Ask any jeweler to list
the gemstones with which they prefer to work, and sapphires and rubies
would undoubtedly rank near the top. With a hardness of 9 on the Mohs
scale, these popular varieties of corundum have long been considered nearly
impossible to damage, and they can easily withstand the melting point
of even high karat gold solders (about 1,6400F to 1,7400F).
Not surprisingly, many jewelers feel a comforting sense of security when
faced with a ruby- or sapphire-set piece. Which may be a problem.
Given the gem's reputation for toughness, jewelers sometimes take the
strength of a sapphire or ruby for granted. It's widely accepted, for
example, that corundum is one of the few stones other than diamond able
to withstand the heat used to retip a prong or perform stone-in-place
casting. And that's true; many rubies and sapphires undergo these processes
with little or no noticeable effect. However, if a piece of jewelry is
subjected to a torch and then rapidly quenched in pickle - a routine followed
by hundreds of bench jewelers every day - corundum can crack like an ice
cube, and so too can its aura of invincibility.
Nor is corundum able to withstand all temperatures. Jewelers must take
care not to overheat corundum - or overlook a possible glass filling,
or work near it with the wrong abrasive: Any of these steps could lead
to embarrassing and costly mishaps. In our more than 20 years as jewelers
and appraisers, we've seen such incidents happen all too frequently. Fortunately,
they can be minimized with just a few simple precautions. By taking even
a small amount of care, jewelers can prevent a broken or damaged stone
and maintain a sparkling reputation.
Before the Bench Prior to picking up a torch or a file, jewelers should first learn a
little bit about corundum and its characteristics. As we've noted, corundum
offers a comfortable "safety zone" for most manufacturing operations.
Part of the reason for this is that it lacks the delicate cleavage of
some other popular gemstones. However, this doesn't mean it can't split
apart; another of the stone's characteristics can offset this advantage
and lead to what is commonly referred to as "parting."
Parting results from "lamellar twinning," a process in which
two crystals grow together in the same plane. This twinning occurs quite
often in sapphires and rubies, and it unfortunately becomes as much of
a weak point as cleavage planes do in other gemstones: If enough force
is applied, the twinned area may de-laminate or part. This problem occurs
mostly in star rubies and star sapphires, since the cabochon cut tends
to expose thin areas of lamellar twinning planes at the top or rounded
bottom of the stone.
However, parting can happen to corundum of any type, regardless of cut.
To minimize this risk, jewelers should be especially careful when faced
with jobs that may require excessive pressure, such as setting a heavy
bezel. In such instances, they should take care to anneal the metal and
to carefully cut the seat to match the shape of the stone.

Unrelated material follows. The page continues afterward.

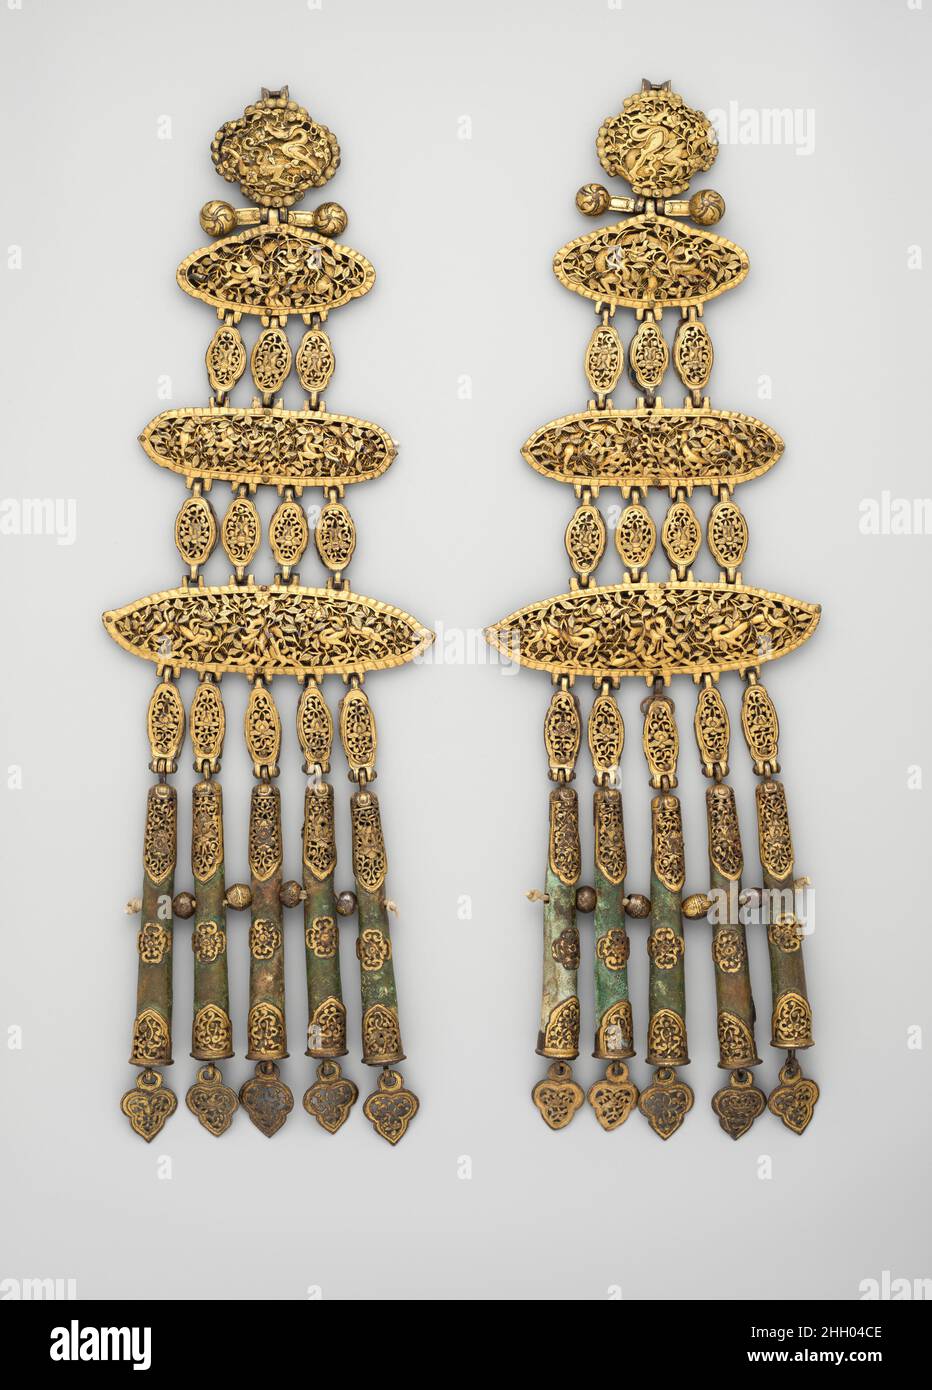 Par de de Crupper del siglo 14th–15th Tibetano hecho de hierro delicadamente cincelado y perforado cubierto en una fina capa de oro, la calidad, el detalle y la ejecución fina

Jewelers should also examine how the stone has been shaped. As with the
star sapphires and rubies, the cut can sometimes pose more difficulty
than the material itself. We've all seen rubies and sapphires that are
fashioned with pavilions shaped like bathtubs. These rotund shapes can
make setting difficult, since more metal must be ground out of the prongs
to accommodate the bulging pavilion. Consequently, jewelers will often
over-burr the prongs, making them thinner and more likely to break or
otherwise fail. Using heavyweight prongs and slightly larger heads can
help alleviate this problem; as a rule of thumb, the additional burring
should take away no more than 50 percent of the prong's thickness.
Of course, some cuts are too unwieldy to allow any type of neat setting.
Most sapphires and rubies will have a strange, bulky shape when they're
sold. In the past, many jewelers believed they were cut this way simply
to meet the laws of countries that forbid rough from being exported, or
to maximize weight. However, there's also another possible reason: These
cuts may conform to the zoning of color in the stone.
In sapphire and ruby, concentrations of color don't always appear uniformly
from one stone to the next. Consequently, a jeweler who recuts a gem to
fit a specific setting might do more harm than good: If some of those
concentrations rest near the surface, the modification might actually
remove color and reduce the stone's value. While this isn't usually a
problem, jewelers should think twice before indiscriminately recutting
a sapphire or ruby. One simple test that could help is to place the gem,
table down, in a glass of water; the water's refraction will emphasize
the color saturation and provide a guide for "safe" cutting.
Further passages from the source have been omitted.